Bian tersenyum dan menunduk sesaat, Diandra juga turut tersenyum, tentu saja respon itu sangat disukainya.
"Aku tidak mengerti, kenapa Agista bisa sensitif seperti itu sama kamu."
"Mungkin dia cemburu."
"Apanya yang harus dicemburui, kita kan kerja bukan jalan romantis."
Diandra tersenyum dan mengangguk, tapi Diandra harus pedulikan itu, Diandra harus buat Agista cemburu dan semakin cemburu lagi padanya.
"Kamu jangan tersinggung ya dengan sikap dia."
"Tidak apa-apa, aku juga tidak bermaksud untuk membuatnya cemburu."
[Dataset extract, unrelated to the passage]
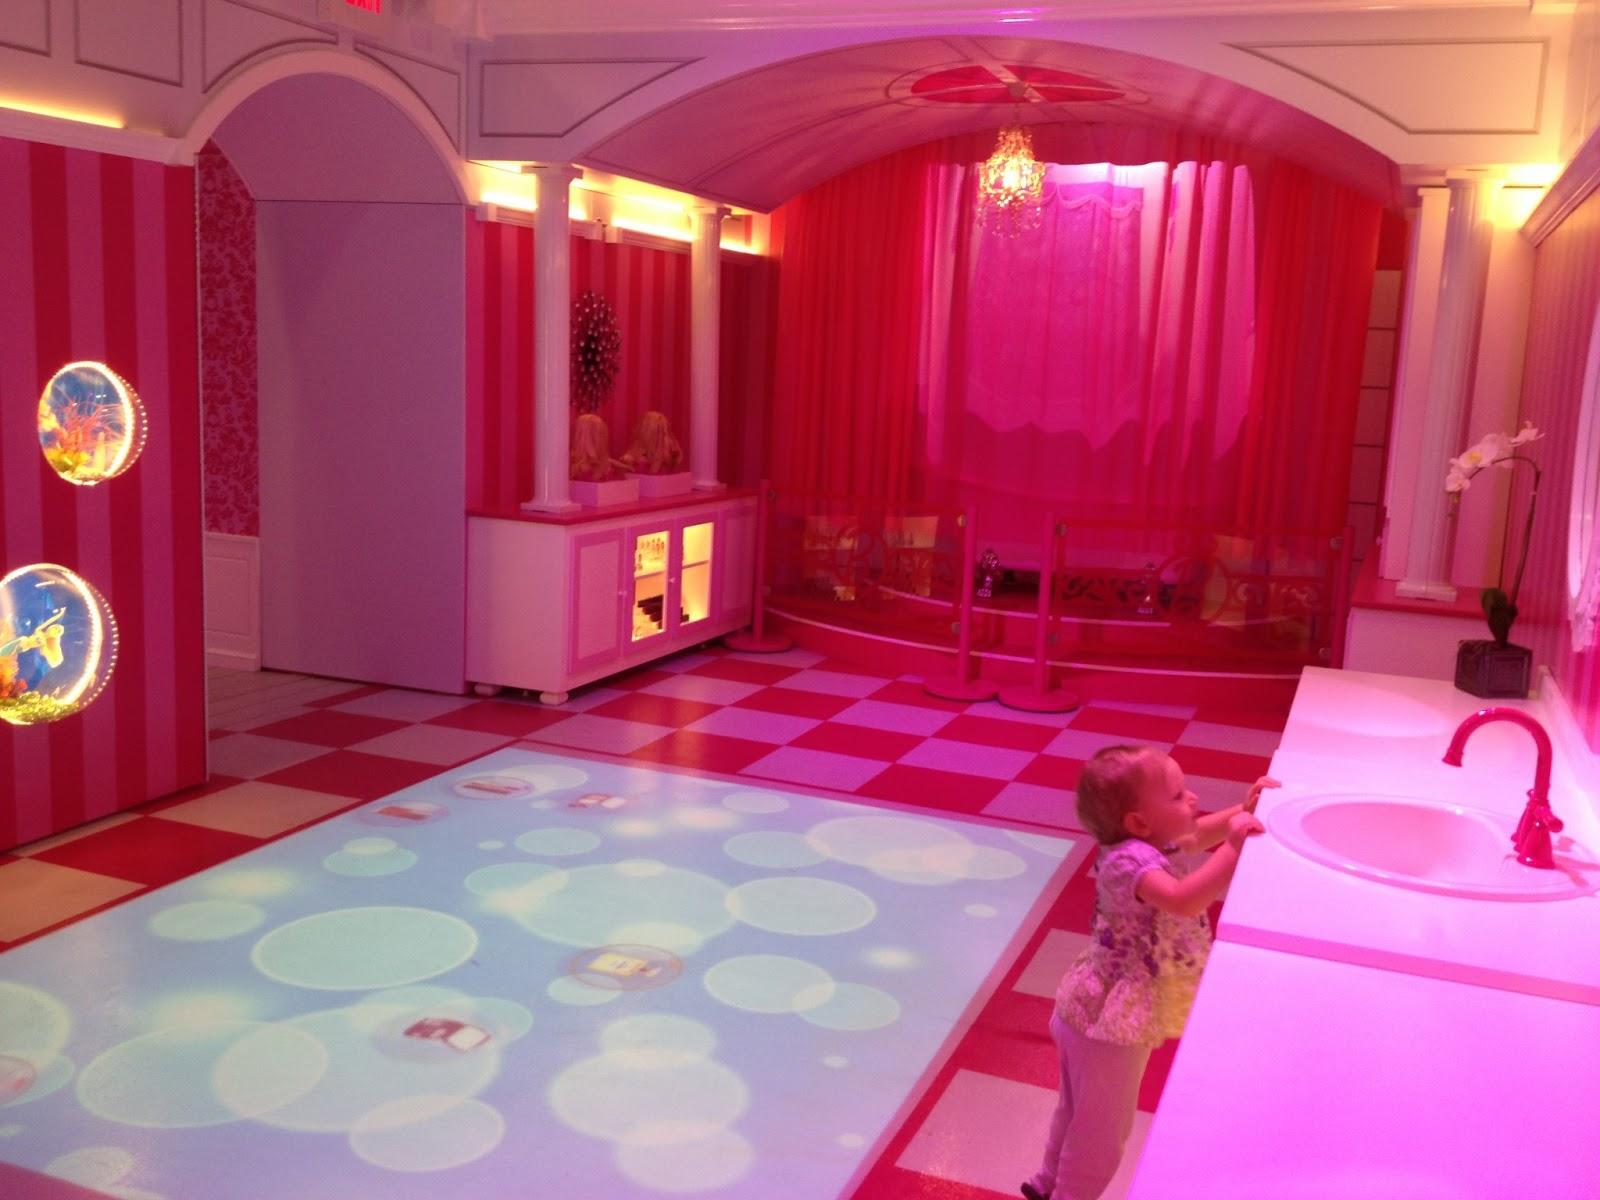 Barbie 39 S Bathroom. Barbie Bathroom  13 Of 14 Retro Barbie Bathroom Diorama
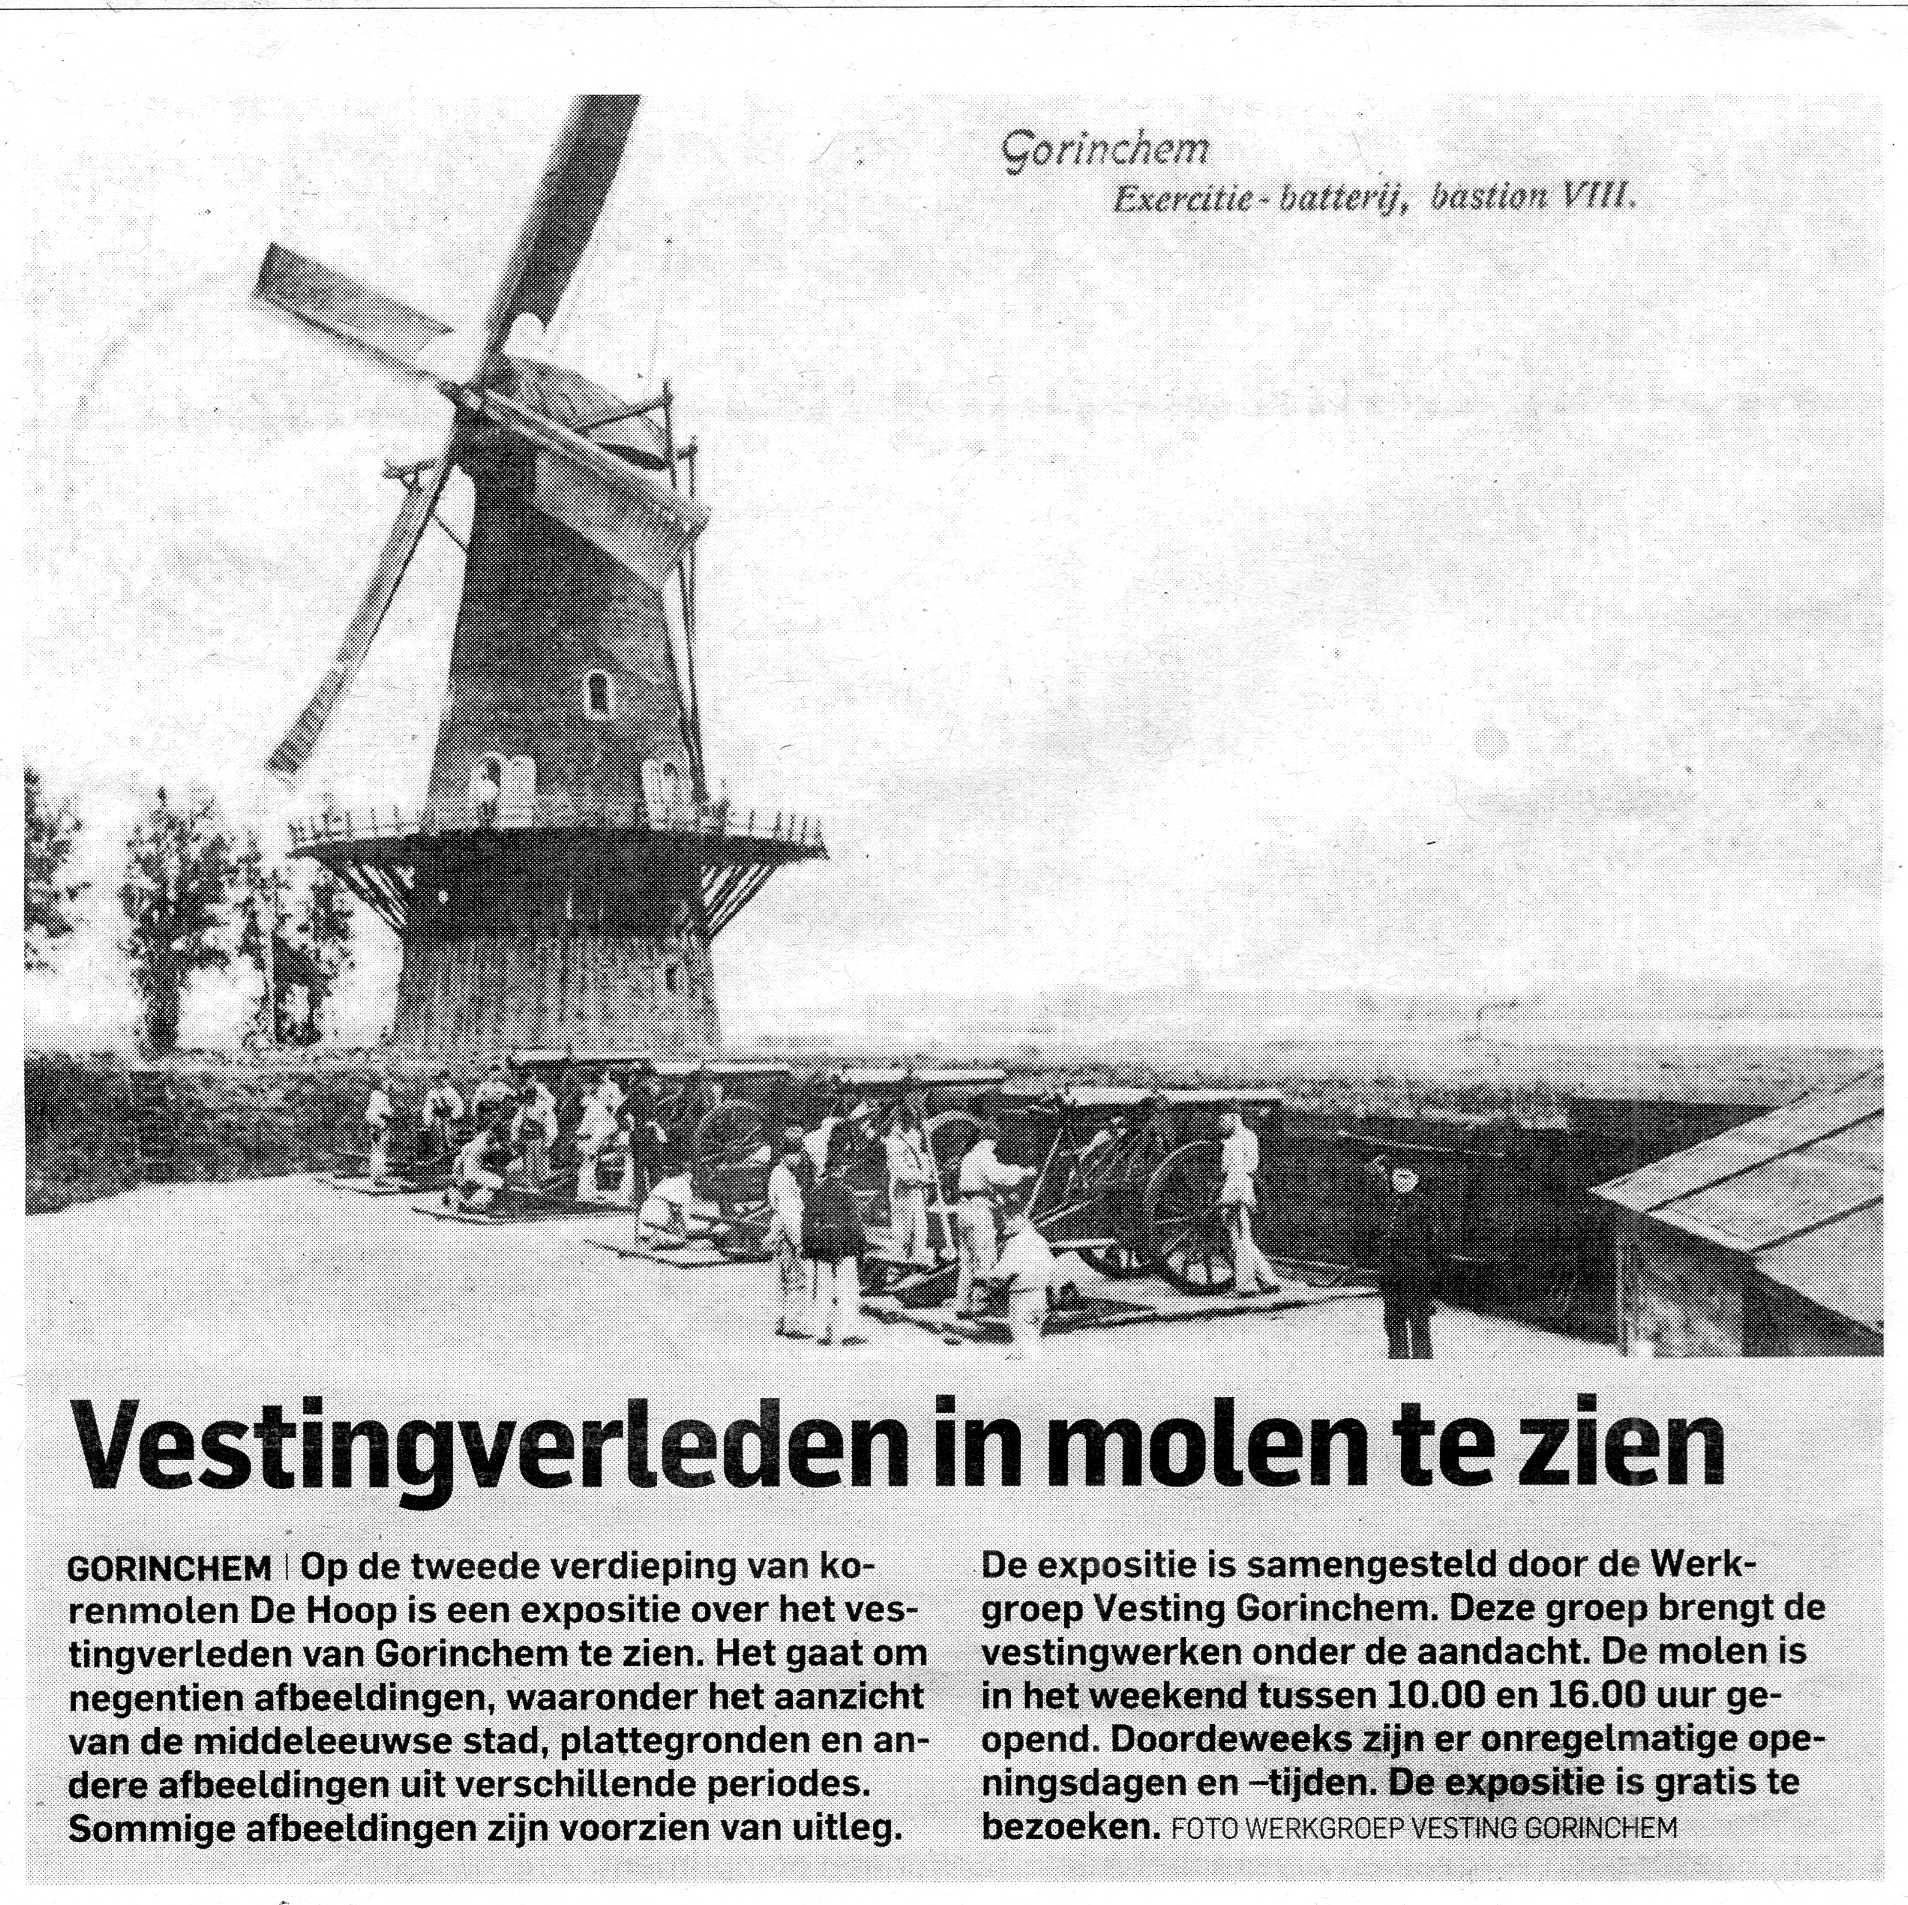 Werkgroep Vesting Gorinchem expositie De Hoop AD donderdag 3 maart

"Tapi aku juga heran sekarang."
"Heran?"
"Iya, aku merasa kalau kamu memang berbeda dengan sekretaris aku yang lainnya."
"Maksudnya gimana?"
Bian menggeleng, entahlah yang jelas Bian merasa tertarik dengan sosok Diandra yang baru ditemuinya itu.
Diandra bangkit dan berjalan menjauhi Bian, tapi hanya dua langkah saja karena Bian menariknya kembali ke hadapan.
"Mau kemana?"
"Aku takut buat orang semakin salah paham."
"Siapa yang salah paham, kan gak orang lain juga?"
Diandra melirik tangan Bian yang meraih tangannya, kini kedua tangan Diandra ada dalam genggaman Bian.
Saat bersamaan, pintu ruangan terbuka dan Agista tampak masuk dan melihat genggaman tangan Bian pada tangan Diandra.